自分の場合は両親が共働きで、幼いころから自分で料理を作ってたんですよね。家に帰ってもご飯がないので、自分で作らざるを得ない、という環境でした。父も料理が好きで一緒に作ったり、テレビでやっていた「料理の鉄人」という番組を見たりするうちに料理に対する興味がどんどん湧いてきて、料理が自分の一部のようになっていったんです。高校生くらいになると友人にも料理を振る舞う機会が増えて、気が付いたら料理人の世界に足を踏み入れていました。高校の卒業文集では、将来の夢を「ホテルのコック」と書いていたくらいですから。
高校生からの夢を叶えられたのですね。料理にもさまざまな種類がありますが、なぜフランス料理を専門にしようと?
もともとフランスの建物や文化に憧れがあって、料理人になるならフランス料理にしようと決めていたんです。当時は勉強不足だったのもありますが、和食よりフランス料理のほうが華やかに見えたんですよ。自分が小さいころはよく家族でデパートに行っていたんですが、そこで目にするブランドのバッグとか店内の装飾がとてもきらびやかだったのを覚えています。おそらくそういう経験もあって、フランスってどんな国だろうと興味を持ったことが今につながっているんだと思います。調理師の専門学校では1年目で和洋中すべての料理を学びますが、フランス料理はソース作りから盛り付けに至るまで細部にも気を配るので、自分の性分に合っていると感じました。フランス料理の技術は、イタリアンなど他の洋食にも応用できますしね。
専門学校卒業後はどうやって経験を積まれたのでしょうか?
自分はホテル内の宴会場やレストラン、カフェやバルなど様々な業態のレストランで働いた経験があります。フランス料理だけでなく、デザートやイタリアンも作っていましたし、ワーキングホリデーを活用してフランス現地のレストランで働いた経験もあります。いろいろ経験した中でも、専門学校卒業後に就職したホテルが一番印象深く、今に活きる経験をさせてもらったなと思います。ホテルでは宴会場でたくさんの料理を一度に作る大量調理や、レストランで洗練された料理も担当していました。ホテルで教えられたのは、いかに先輩方が気持ちよく仕事をできるようフォローするか、ということです。例えば、自分の仕事をやりながら、次に先輩が何をしようとしているか、何が必要なのかを察して持っていく、とかですね。先輩方の動きを意識するうちに、目の前の自分の仕事に集中しながら周囲の状況を把握できるようになりました。それって、自分がシェフとしてお客様と接する上でとても大事なことなんです。お客様が人を探すようなしぐさをしたり、手を挙げようとしたりするアクションに気付くこと、お客様が何を求めているかを察して用意するなど、お客様のアウトプットの前に自分が動くことができればよりよいサービスにつながります。当時は辛かったですが今となってはいい経験です。

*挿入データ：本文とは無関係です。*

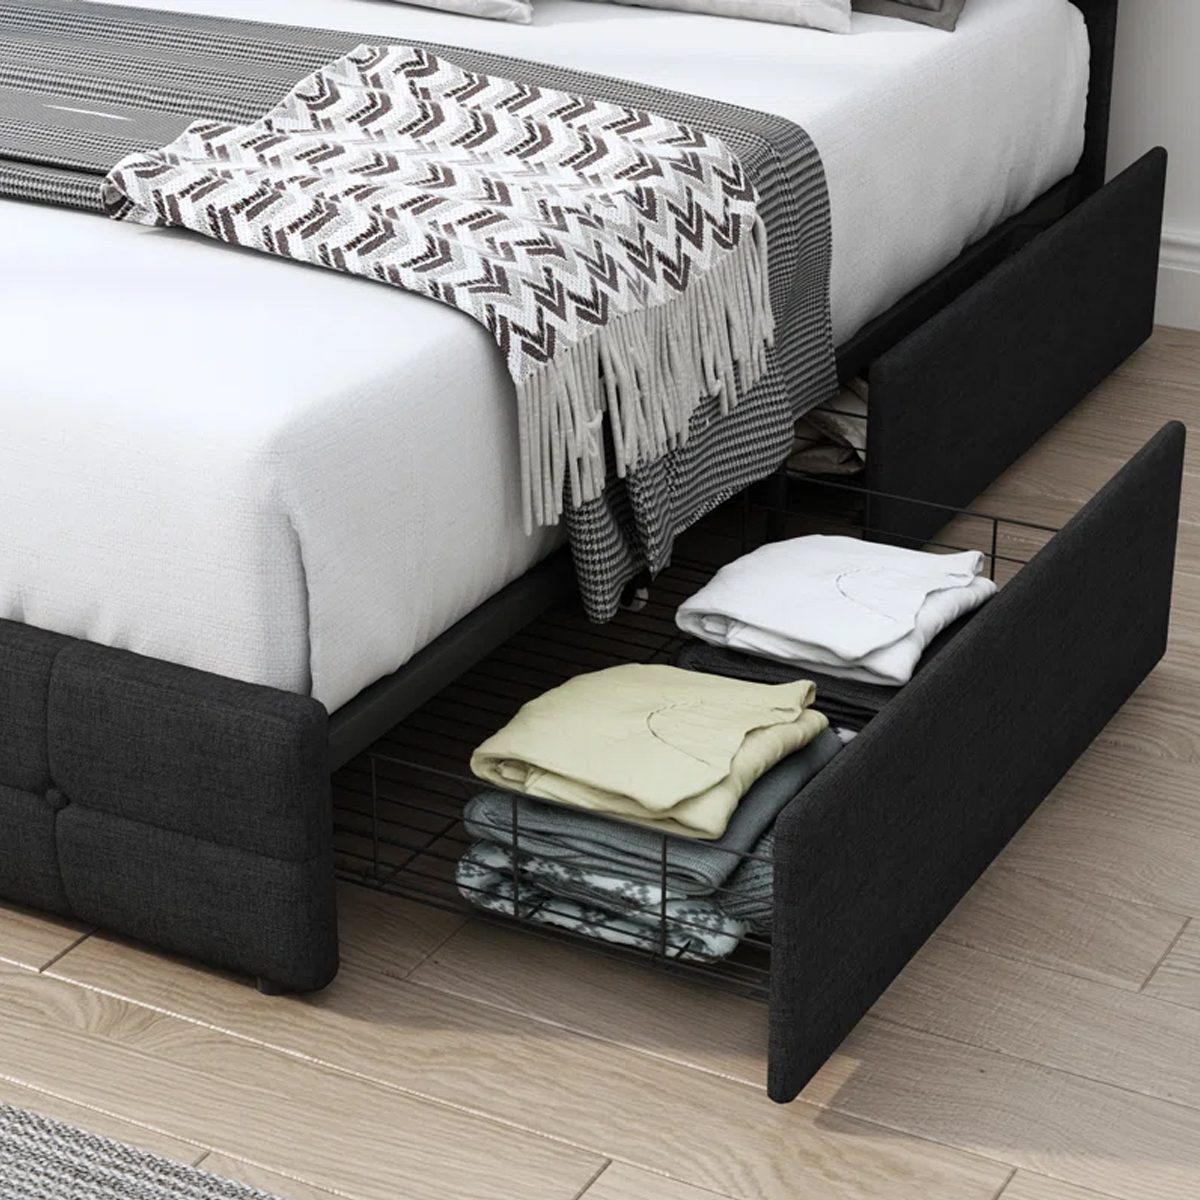 Tufted Upholstered Storage Platform Bed With Adjustable Headboard Ecomm Wayfair.com
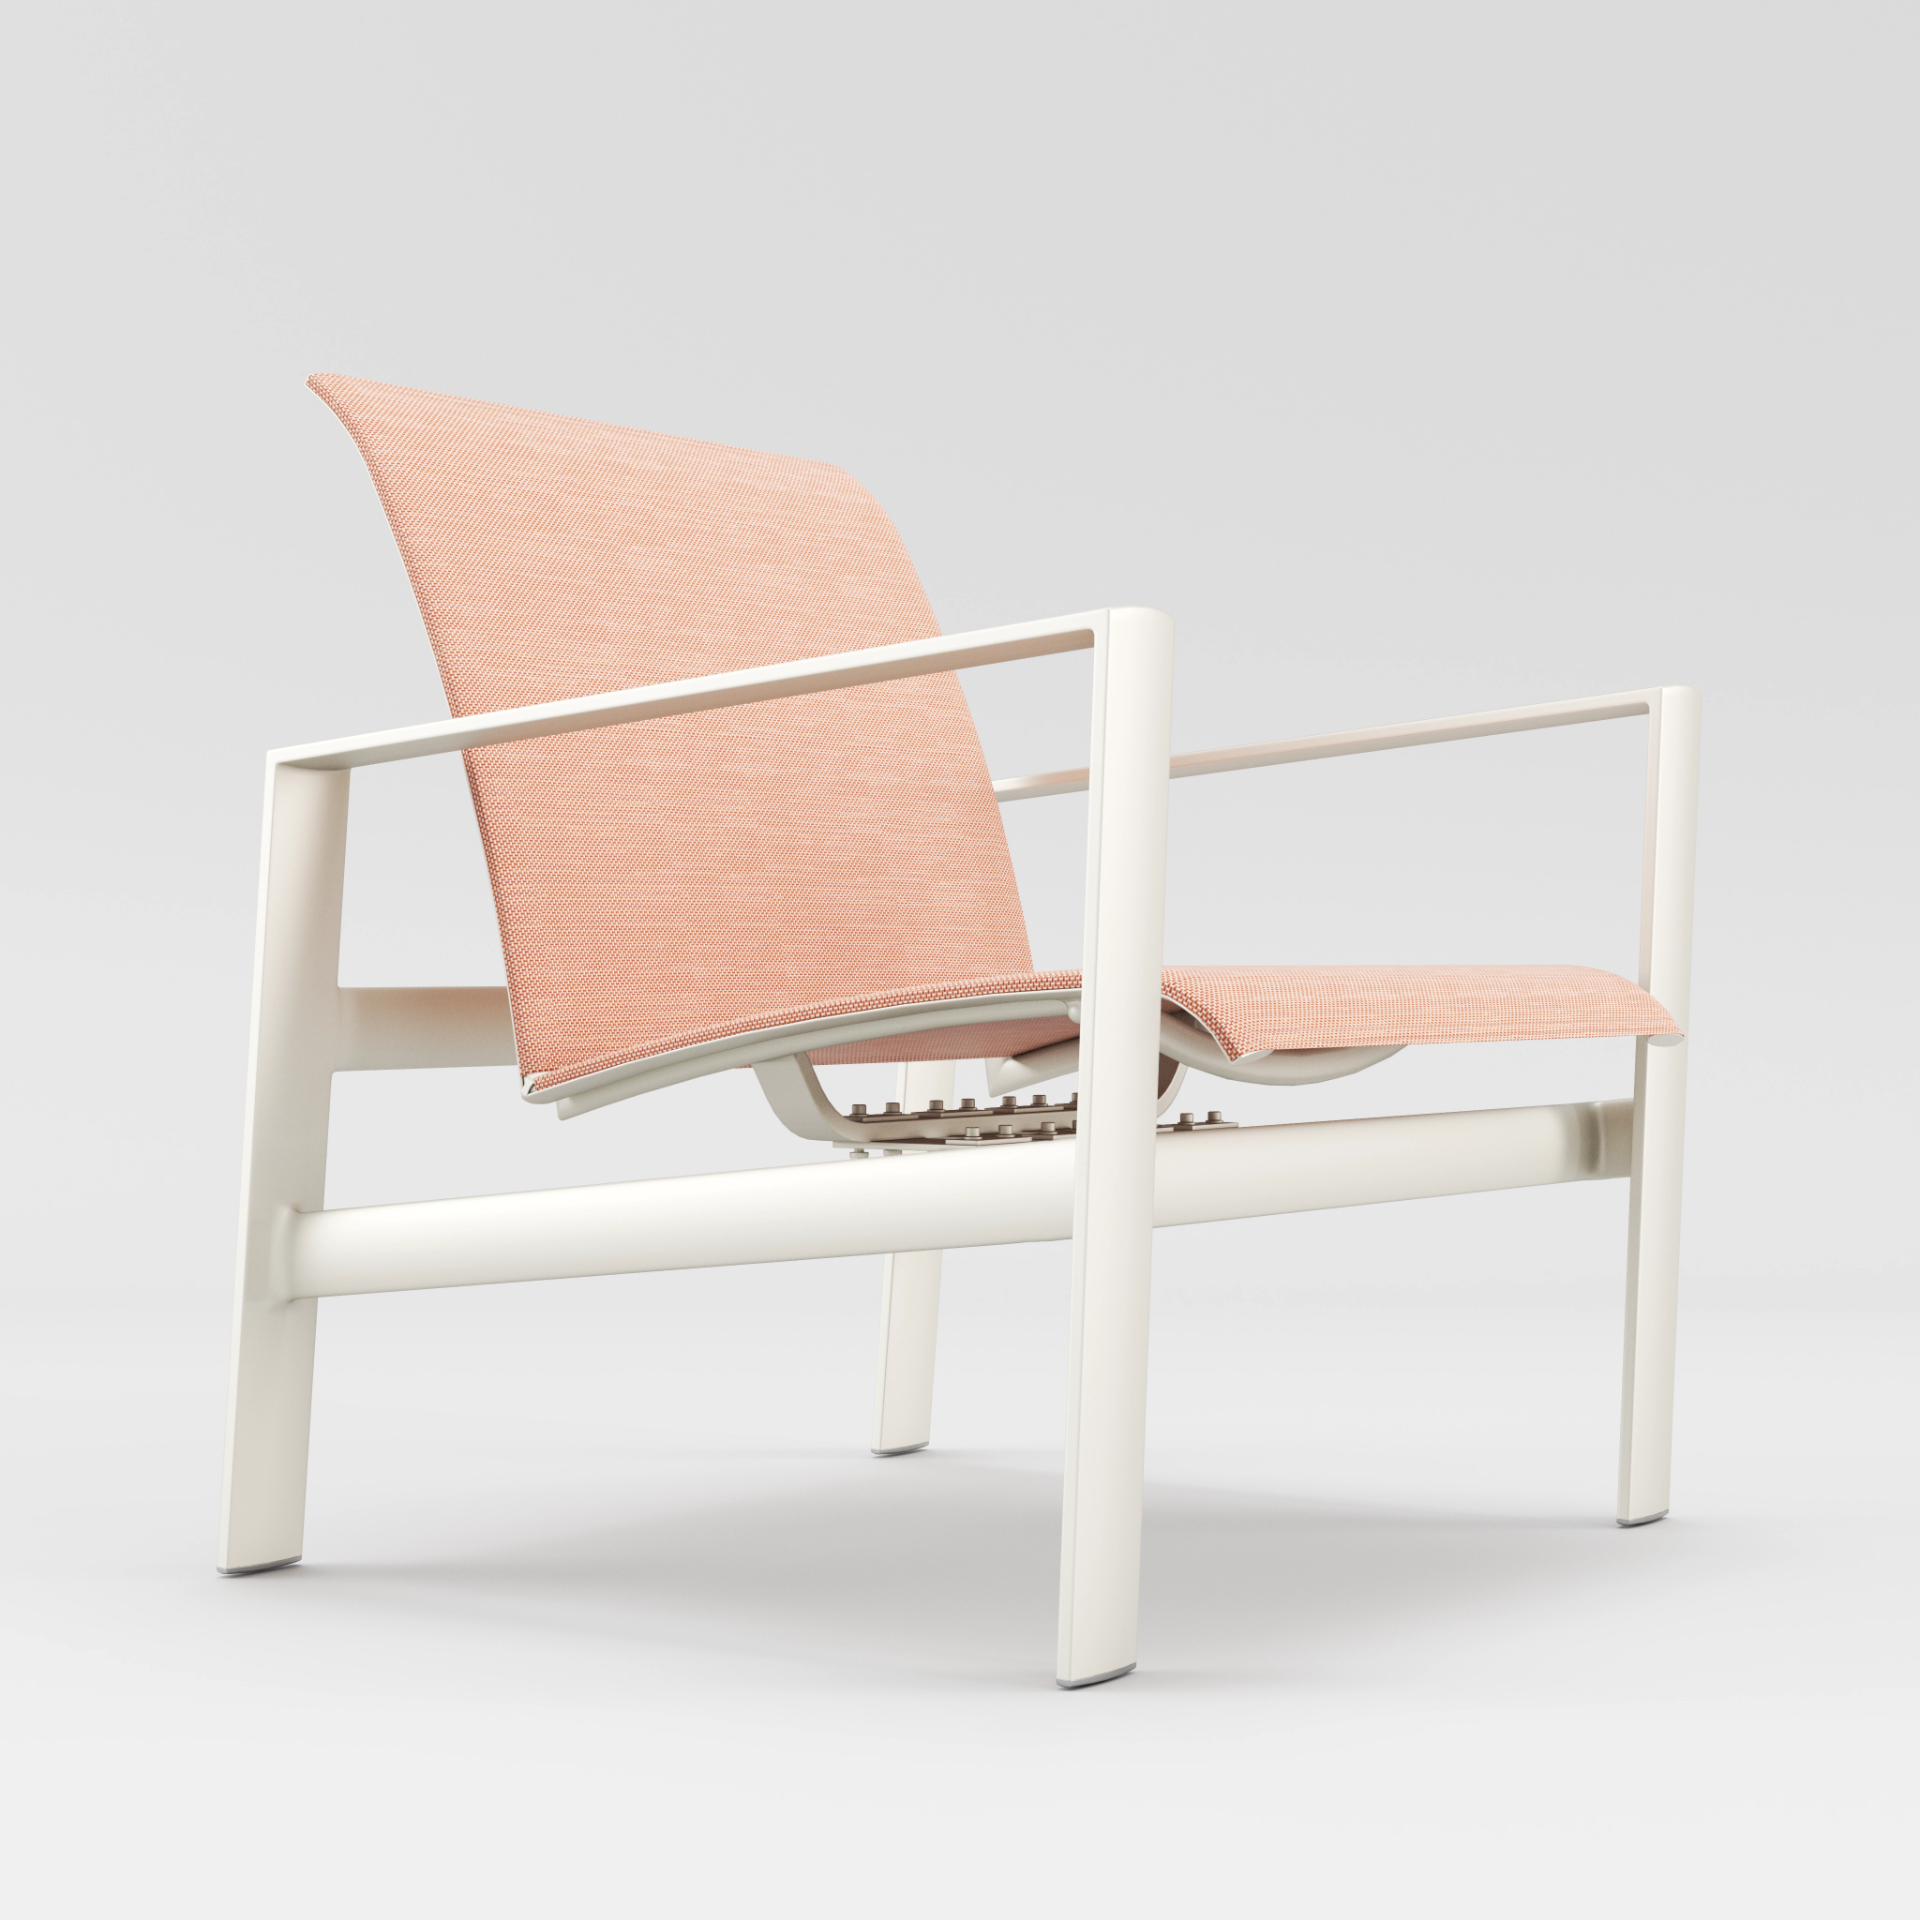 Parkway Sling Motion Lounge Chair by Brown Jordan

経験値が多いからこそ、苦労も多かったのではないかと思います。山口シェフが料理人を続けるモチベーションや原動力はどこにあるのでしょう?
自分が作った料理で喜んでもらえる、それが今まで料理人を続けられた原動力ですね。実はホテルの仕事が辛すぎて、料理人を辞めるつもりでフランスにワーキングホリデーに行ったんです。でもフランスで「料理人をやっていた」と言うとすごい尊敬の眼差しで見られるんですよ。もう日本の比じゃないくらいに。フランスでは本当に料理人って憧れの職業みたいで、日本とのギャップを感じました。それと同時に、フランスではホームパーティーをする機会も多くて、自分が作ったもので喜んでくれる人がいるって事実に改めて気付いたんですね。それを見たときに、なんだか原点に返った気がしました。自分が高校生のときに、友人に料理を振る舞って喜んでもらった思い出とか、家族に作った思い出がよみがえってきて、自分はこの瞬間のために料理を作りたかったんだな、と感じたんです。人が集まる場所には料理があって、料理がおいしければ笑顔になるんです。そういった空間を作れるのが料理の魅力だと思いますし、料理人って目指す人はいても続ける人は少ない世界。だったら自分が続けることで自分の価値も上げていけるんじゃないか、そしてもっといろんな人を笑顔にすることができるんじゃないか、その思いが自分の料理を作り続ける原動力ですね。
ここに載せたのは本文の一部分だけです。